Kenya is proposing new taxes targeting the digital economy in a bid to grow domestic revenues and narrow its fiscal deficit in response to the ongoing cash crunch.
The East African country plans to charge a 3% tax on the transfer or exchange value of digital assets, while content creators will pay 15% on online earnings up from 5% withholding income tax. If the proposals in the finance bill are ratified, the taxes will take effect in the coming budget year, which begins July 1.
Cryptocurrency exchanges like Binance or Yellow Card or persons facilitating the exchange or transfer of digital assets are expected to withhold the tax deductions and forward them to the country’s tax authority within 24 hours. The exchanges must, however, first register with the tax authority in order to remit such deductions.

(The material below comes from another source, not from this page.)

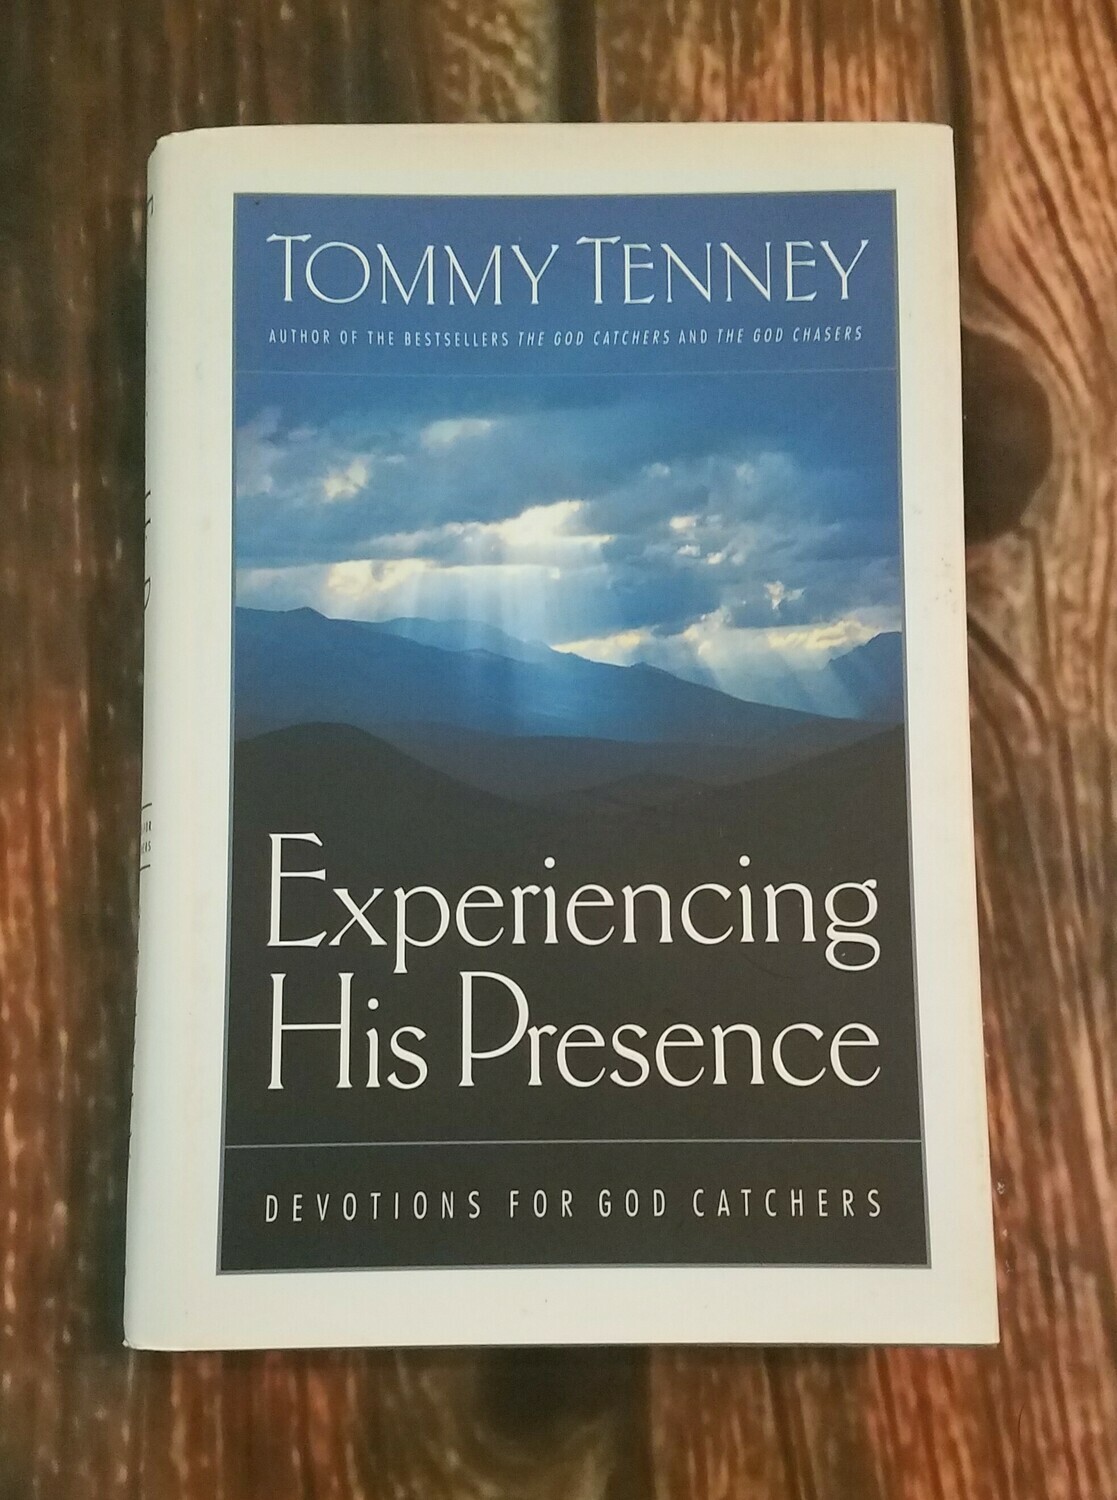 Experiencing His Presence by Tommy Tenney
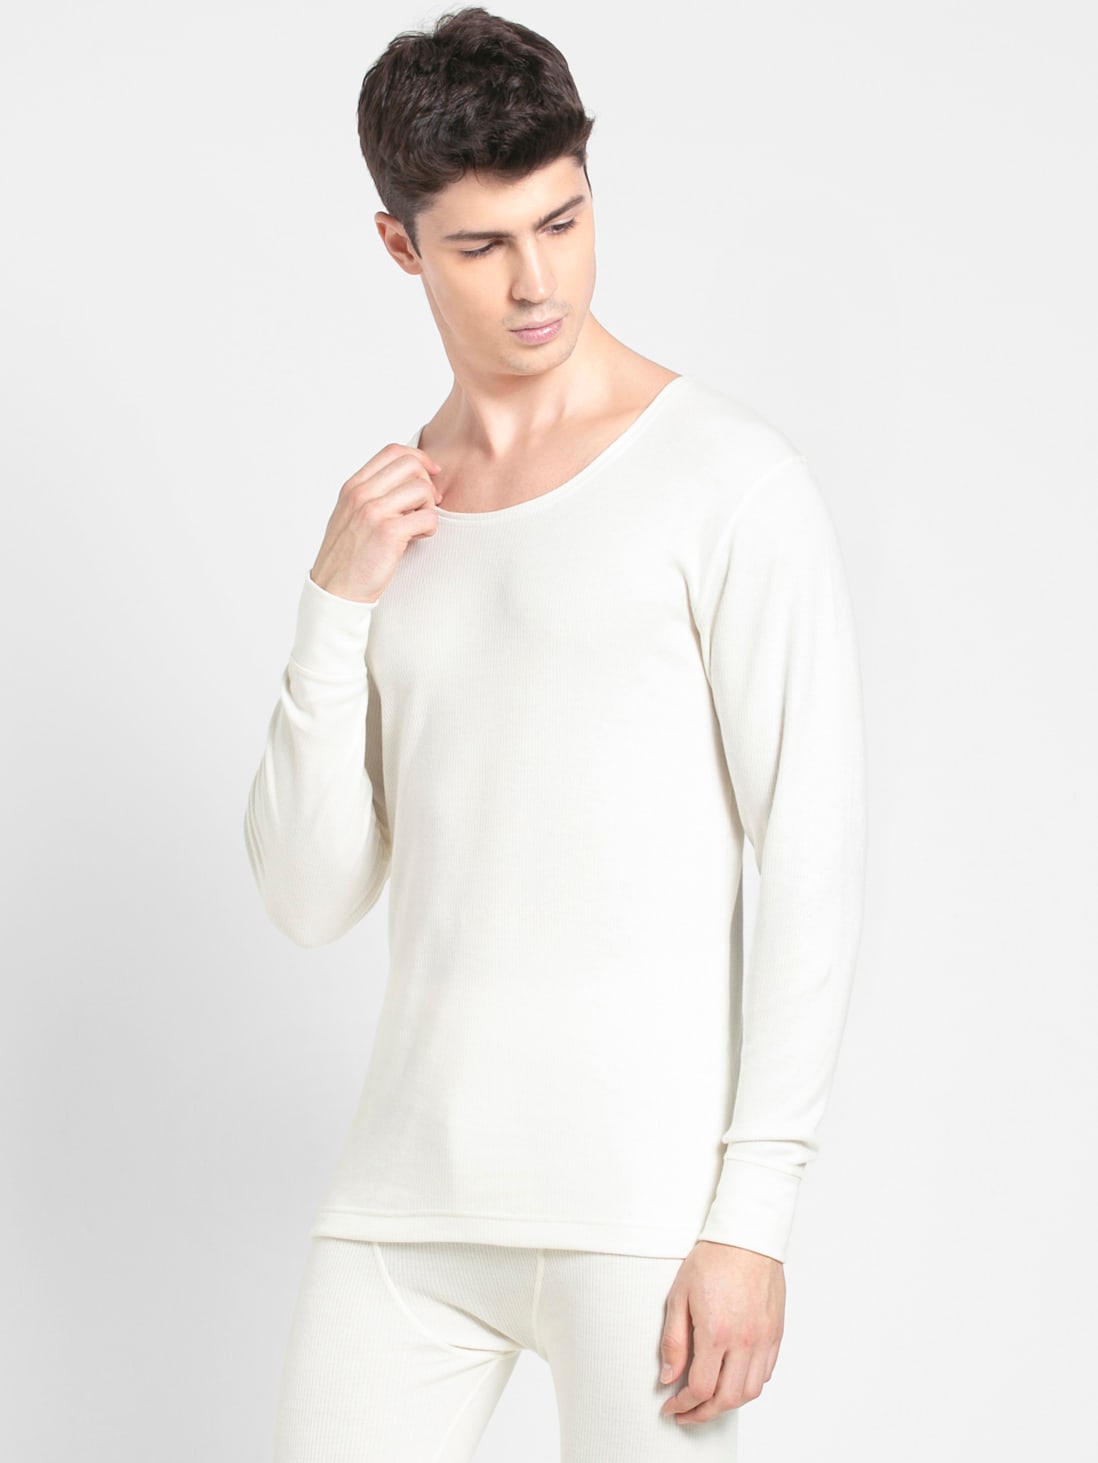 Hypoallergenic Men's Thermal Long Sleeve (Natural) – Cottonique -  Allergy-free Apparel

Kenya defines digital assets as “anything of value that is not tangible and cryptocurrencies, token code, number held in digital form and generated through cryptographic means or otherwise, by whatever name called, providing a digital representation of value exchanged with or without consideration that can be transferred, stored or exchanged electronically; and a non-fungible token (NFTs) or any other token of similar nature, by whatever name called.”
Currently the Kenyan government does not recognize crypto as a legal tender, and has in the past sternly warned that they are unregulated, and highly speculative and volatile, which puts them at a great risk of losing value. The government has also variously asserted that it cannot offer any protection in the event that crypto exchanges go bust, as was recently witnessed with FTX.
However, over the last few months Kenya has softened its stance on crypto, proposing to work on a legal framework for crypto assets, as it moves to tap the growing cryptocurrency adoption.
Kenya is ranked second in Africa (19th globally) after Nigeria in terms of crypto adoption, and fifth globally in terms of peer to peer (P2P) exchange trade volume, according to 2022 Chainalysis report.
Pertaining to content creators, the new bill imposes a tax on earnings made by a content creator sponsored by a brand to make content or do promotions, and income from affiliate marketing.
It defines content creators as those offering “entertainment, social, literal, artistic, educational or any other material electronically,” through websites, social media platforms like Facebook, Twitter or Instagram, in partnership with brands or retailers.
Earnings made by offering “subscription services where the audience pays a periodic fee to access the content and support the content creator, or merchandise sales where physical goods and services are sold featuring a logo, brand or catchphrase to the audience of the content creator, eBooks, courses, or software,” will also be taxed.
Also not spared is income from “membership programs for exclusive content including early access, licensing the content including photographs, music or other businesses or individuals for use in the user’s own projects; or crowdfunding for raising funds for specific goals for a content creator or another person.”